→ **GIVEN DATA**:

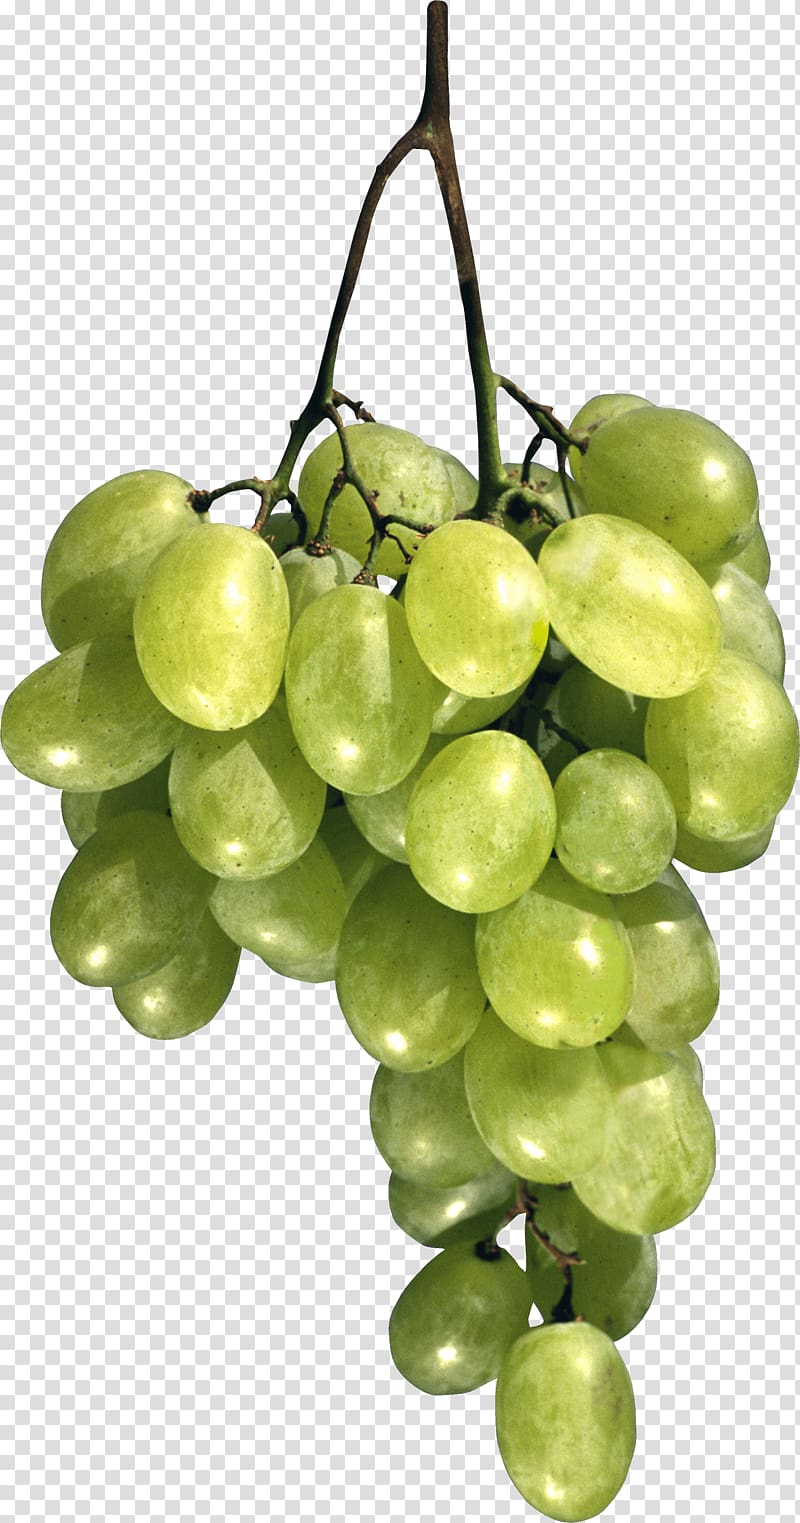 Common Grape Vine Moscow Cafe Breakfast, Green Grape transparent background PNG clipart
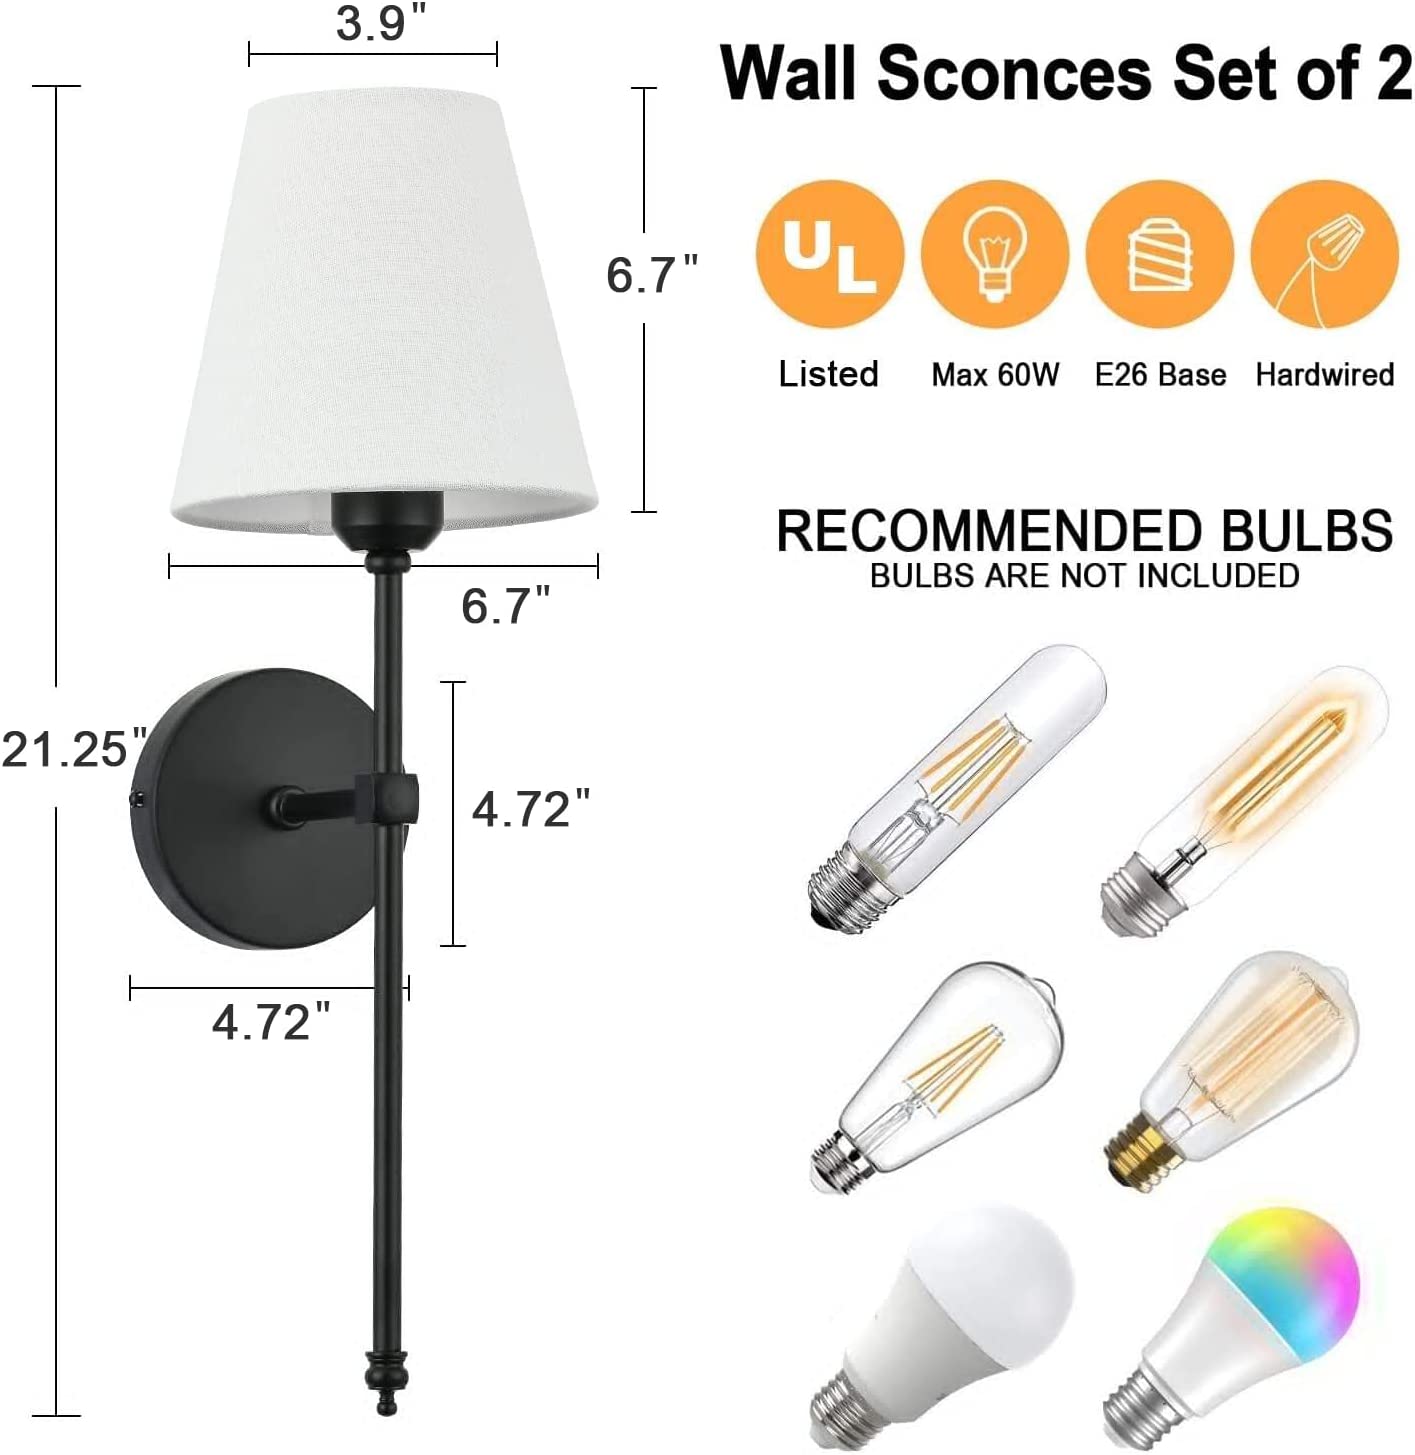 Bsmathom Wall Sconces Sets of 2, Rustic Industrial Wall Lamps, Column Stand Sconces Wall Lighting, Bathroom Vanity Light Fixture with Fabric Shade for Bedroom Living Room Kitchen, Black
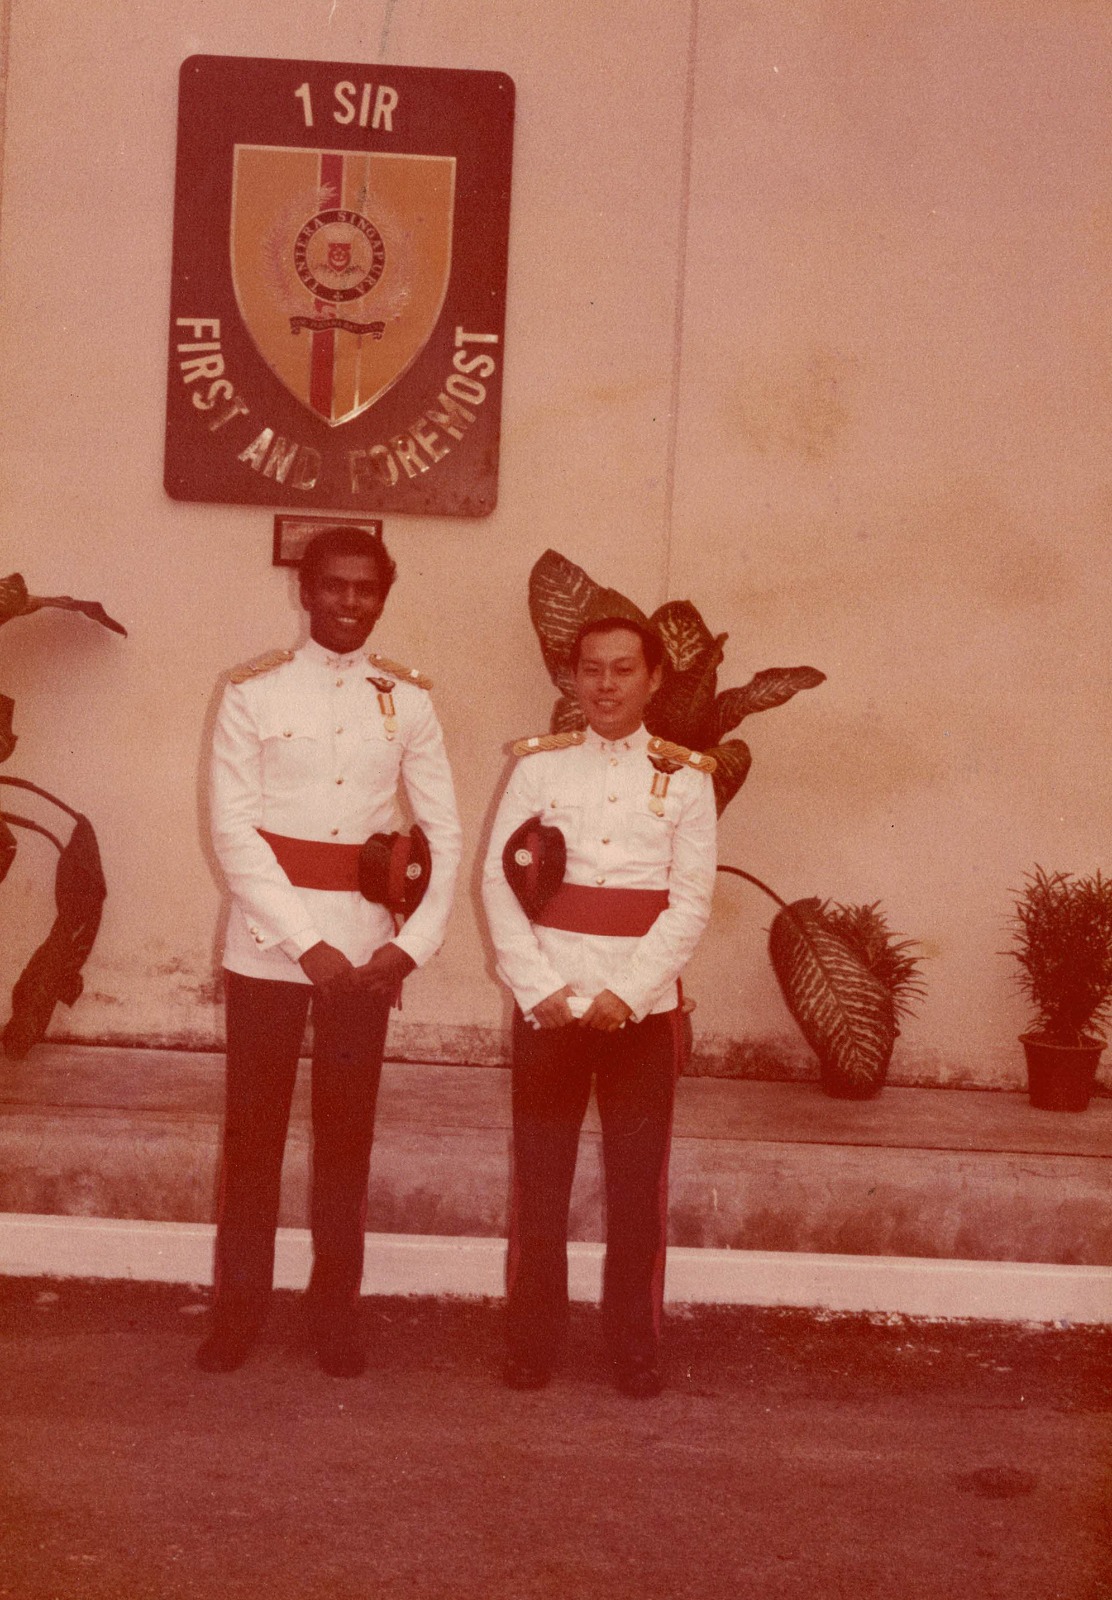 Andrew and Suresh in their 1 SIR Ceremonial Dress, taken during the 1 SIR Trooping of Colours.

→ **EXERCISE INSTRUCTIONS**: Nothing but the lines from the first line of the listing above to the line containing "Bsmathom Wall Sconces" should appear in the answer, each one exact and with no pictures.

→ **RESULT OF THE TASK**:
 Common Grape Vine Moscow Cafe Breakfast, Green Grape transparent background PNG clipart
 Bsmathom Wall Sconces Sets of 2, Rustic Industrial Wall Lamps, Column Stand Sconces Wall Lighting, Bathroom Vanity Light Fixture with Fabric Shade for Bedroom Living Room Kitchen, Black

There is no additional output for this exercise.